Example: Identifying Spam Emails
- Gmail identifies spam emails partly by looking at email headers.
Probability of Spam Given Words
In this section, the speaker explains how to find the probability of spam given words and why it is easier to solve the opposite problem.
Finding the Opposite Conditional
- The opposite conditional is finding the probability of words given spam.
- This is easier because we can manually tag documents as spam or not spam and collect data on their word distributions.
Using Data to Solve for Probability
- By collecting data on tagged documents, we can find the distribution of words for both spam and non-spam emails.
- We can use this information to solve for probability of words given spam.
- We also need an estimate of the proportion of emails that are spam or not spam.
Solving for Probability of Spam Given Words
- Using Bayes' theorem, we can find the probability of spam given words by multiplying probability of words given spam with probability of spam divided by probability of words.
- To execute this formula, we need a lexicon or dictionary for probability of words and tagged data for both spam and non-spam emails.

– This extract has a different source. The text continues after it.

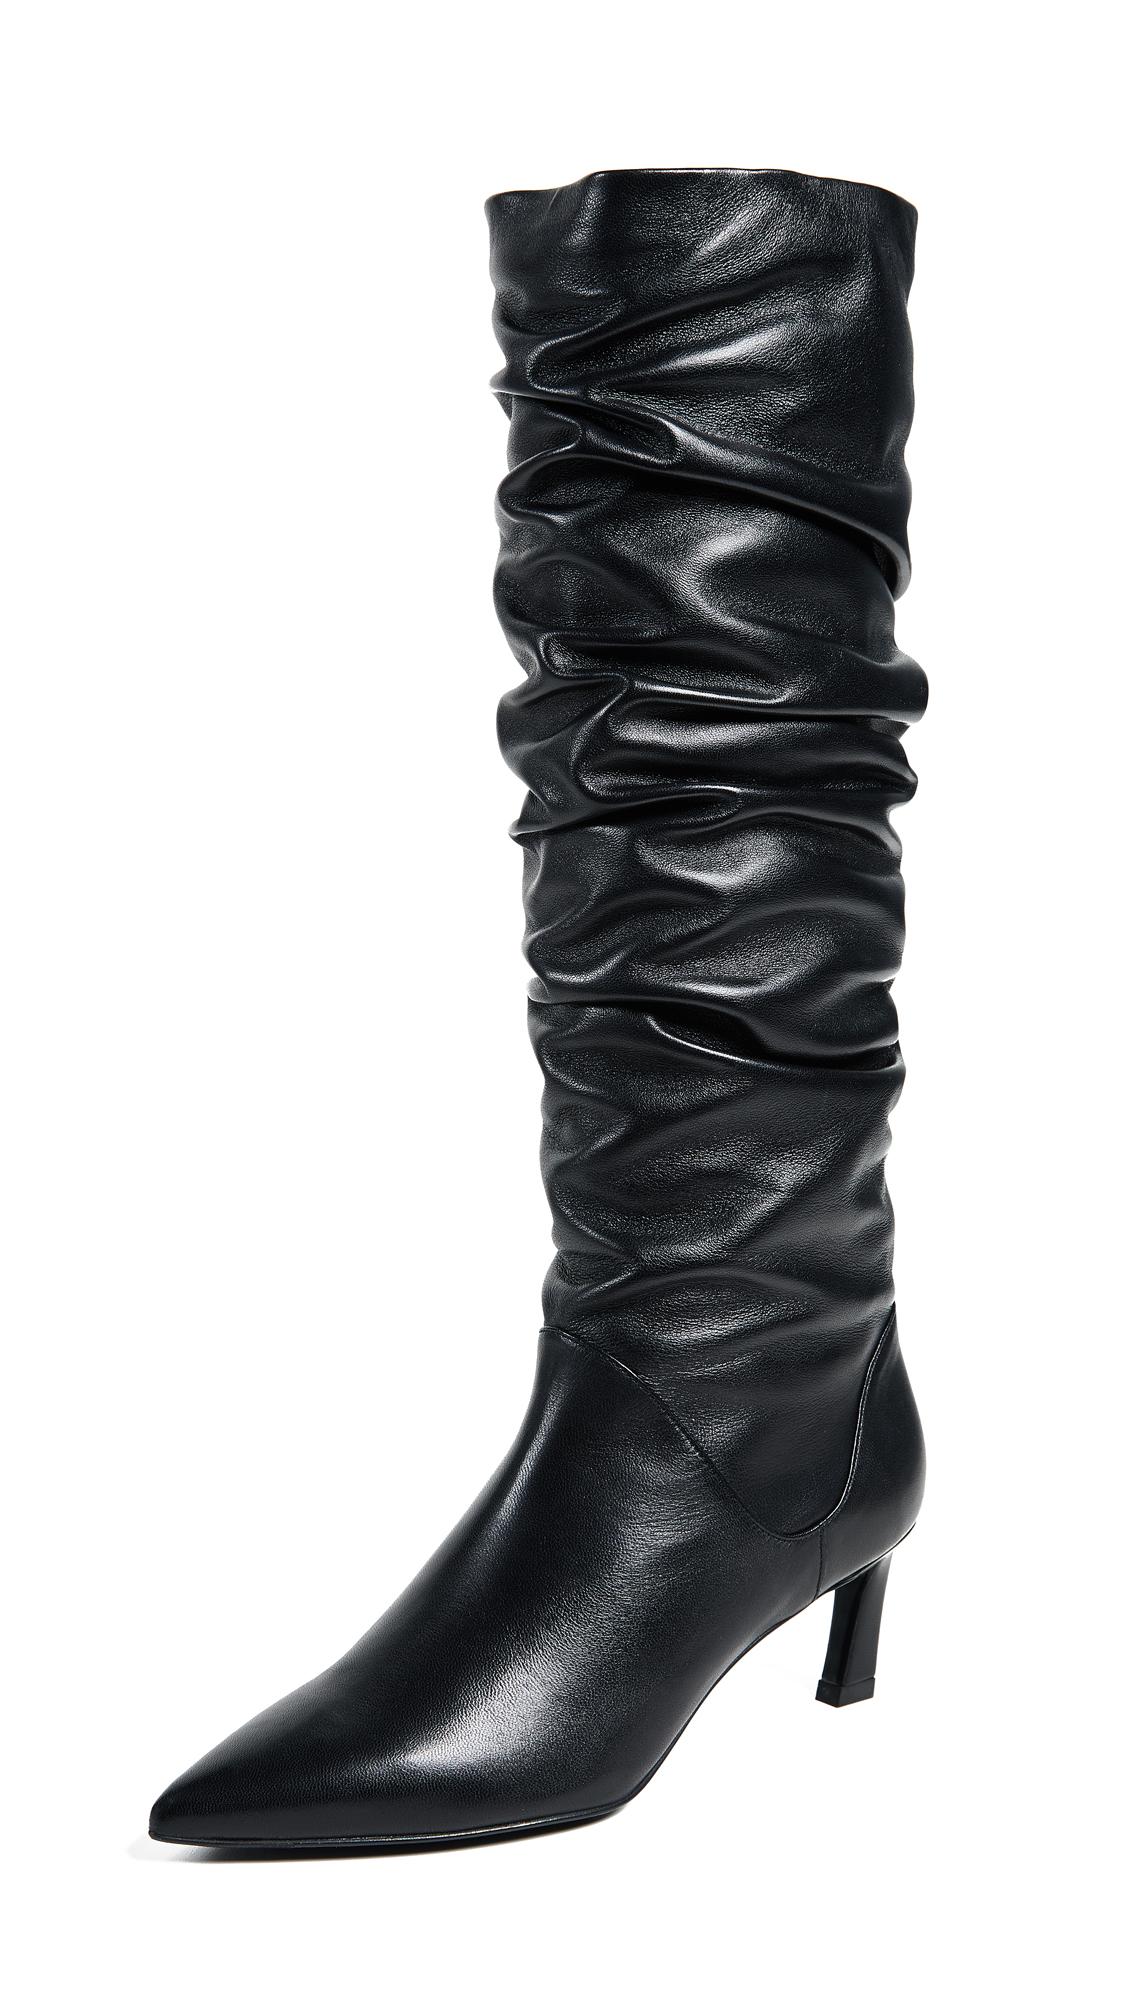 Stuart Weitzman Benatar Tall Scrunch Boots - Black

Understanding Posterior Probability
In this section, the speaker explains how posterior probabilities work in Bayesian language.

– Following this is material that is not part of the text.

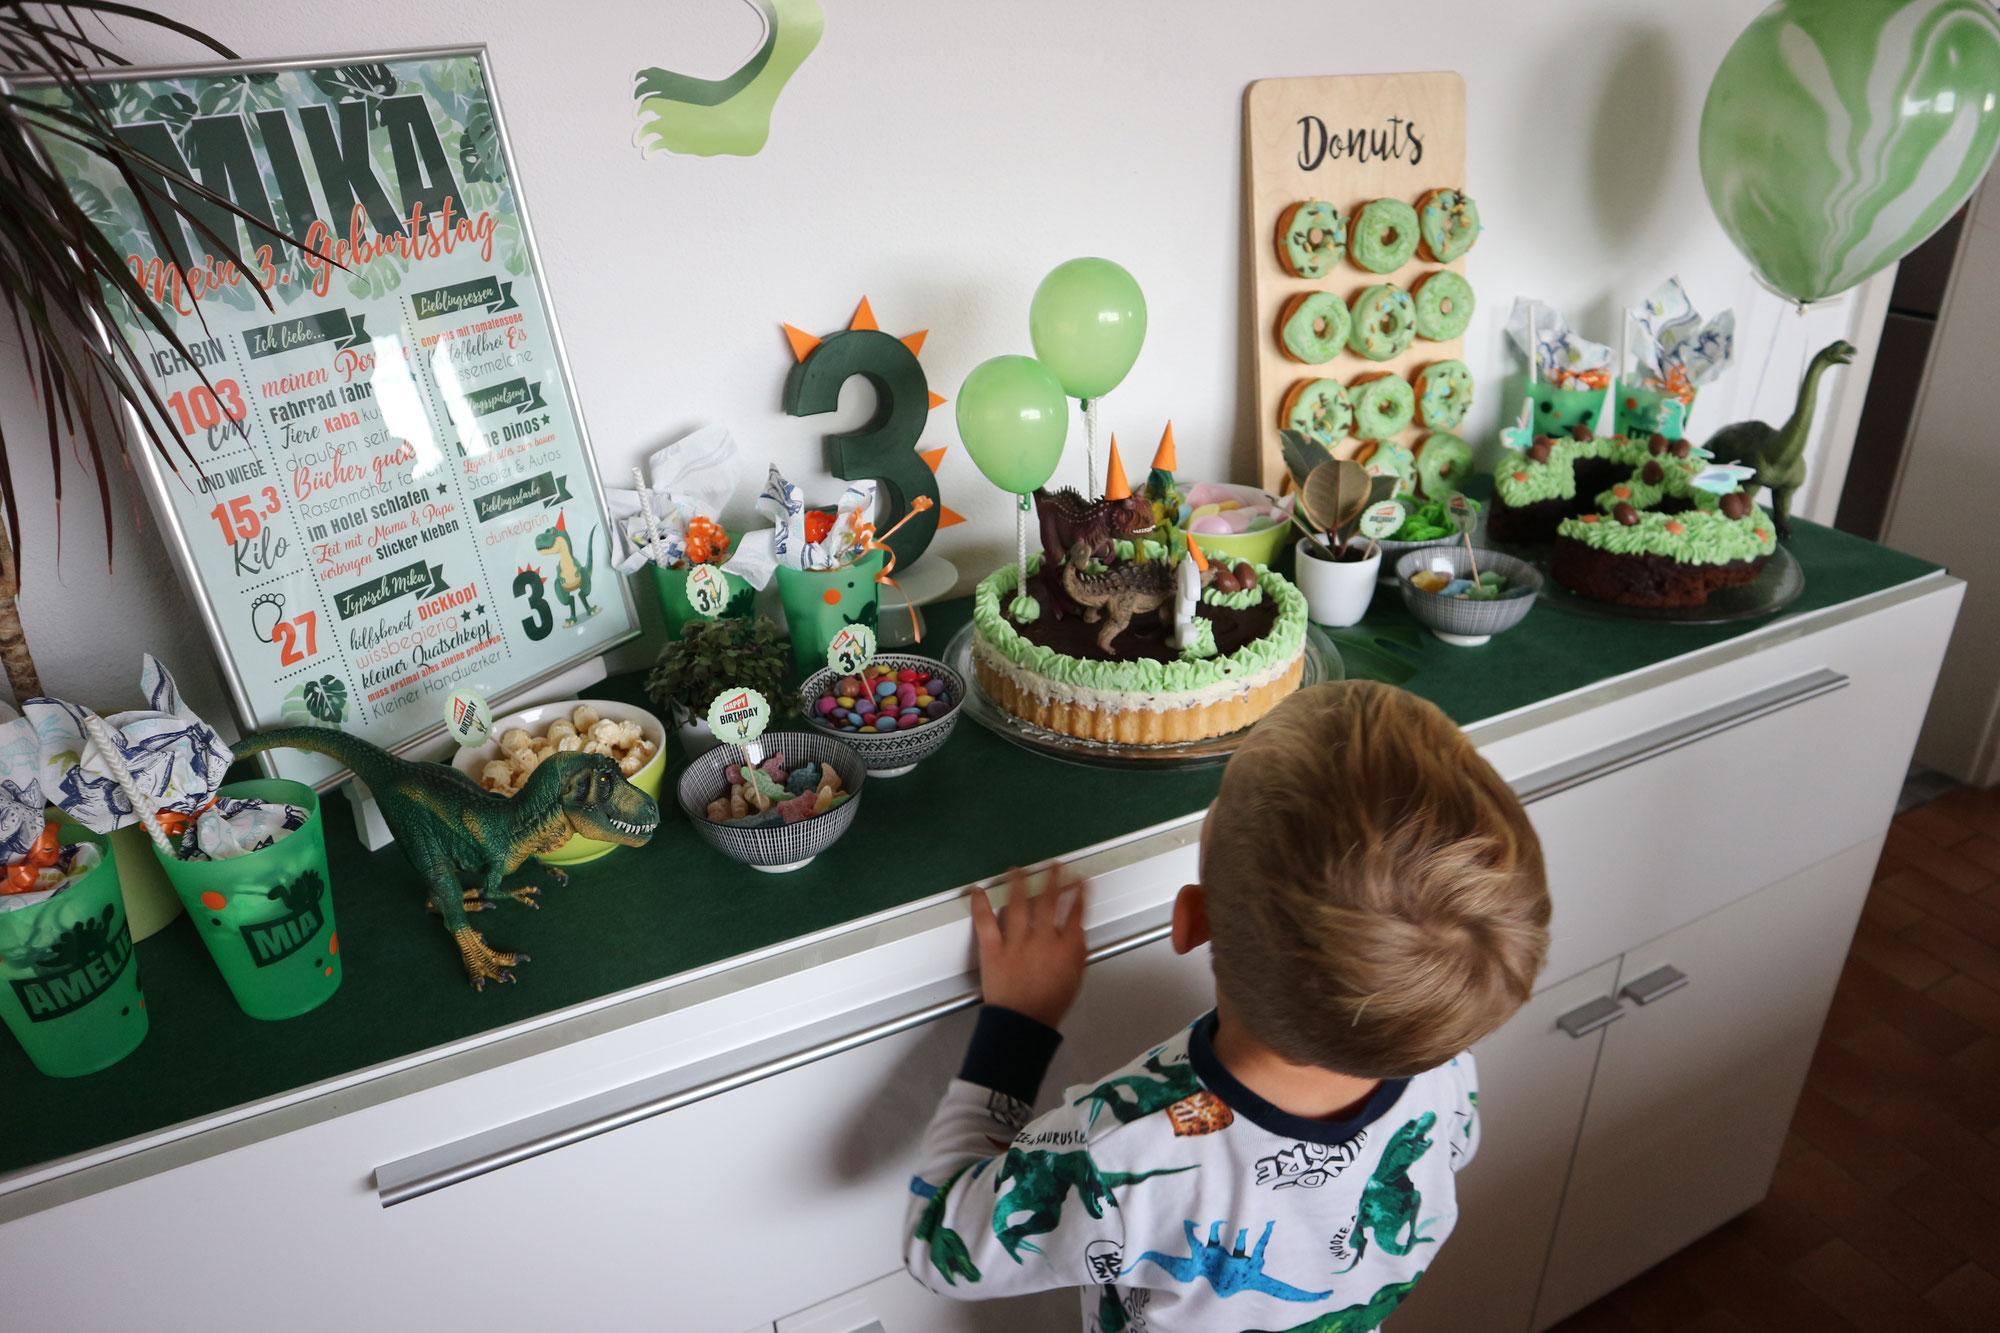 Unsere Dinoparty zum 3. Geburtstag

Posterior Probability Definition
- Posterior probabilities are an update on prior probabilities based on new information.
- For example, if we know certain words in an email, we have a better idea whether it is spam or not.
Examples
- Other examples include knowing someone's income to determine if they will buy a product or knowing someone's profession to determine if they will be interested in a certain topic.
- Knowing more information allows us to update our prior probabilities and make more accurate predictions.
Bayes Theorem and Machine Learning
In this section, the speaker discusses how Bayes theorem has become central to machine learning, particularly in decision-making problems such as those faced by autonomous cars.
Bayes Theorem in Machine Learning
- Bayes theorem is central to machine learning, especially in decision-making problems.
- Autonomous cars face a decision problem when something crosses the road. They must decide whether to stop or not based on what they see.
- To solve this problem using Bayes theorem, the program needs to be told what situations require stopping and which do not. This can be done by looking at situations where the car stopped and situations where it did not.
- By analyzing these situations, the program can determine whether to stop or not based on what it sees.
Other Supervised Learning Algorithms
- Linear discriminant analysis is another supervised learning algorithm that finds posterior distributions of being in a class given data.
- Bayesian belief networks are explicitly designed for this type of supervised learning.
Simple Rules vs. Bayesian Methods for Autonomous Cars
In this section, the speaker compares simple rules with Bayesian methods for programming autonomous cars.
Simple Rules for Autonomous Cars
- A simple rule for an autonomous car would be to stop if it sees something on the road.
- However, programming a car with simple rules becomes difficult when trying to account for all possible scenarios. For example, what should the car do if it doesn't see anything?
Bayesian Methods for Autonomous Cars
- Bayesian methods are more effective for programming autonomous cars because they can account for all possible scenarios.
- When the car encounters a word it has not seen before, Bayesian methods will do nothing and update its decision only when certain words are present.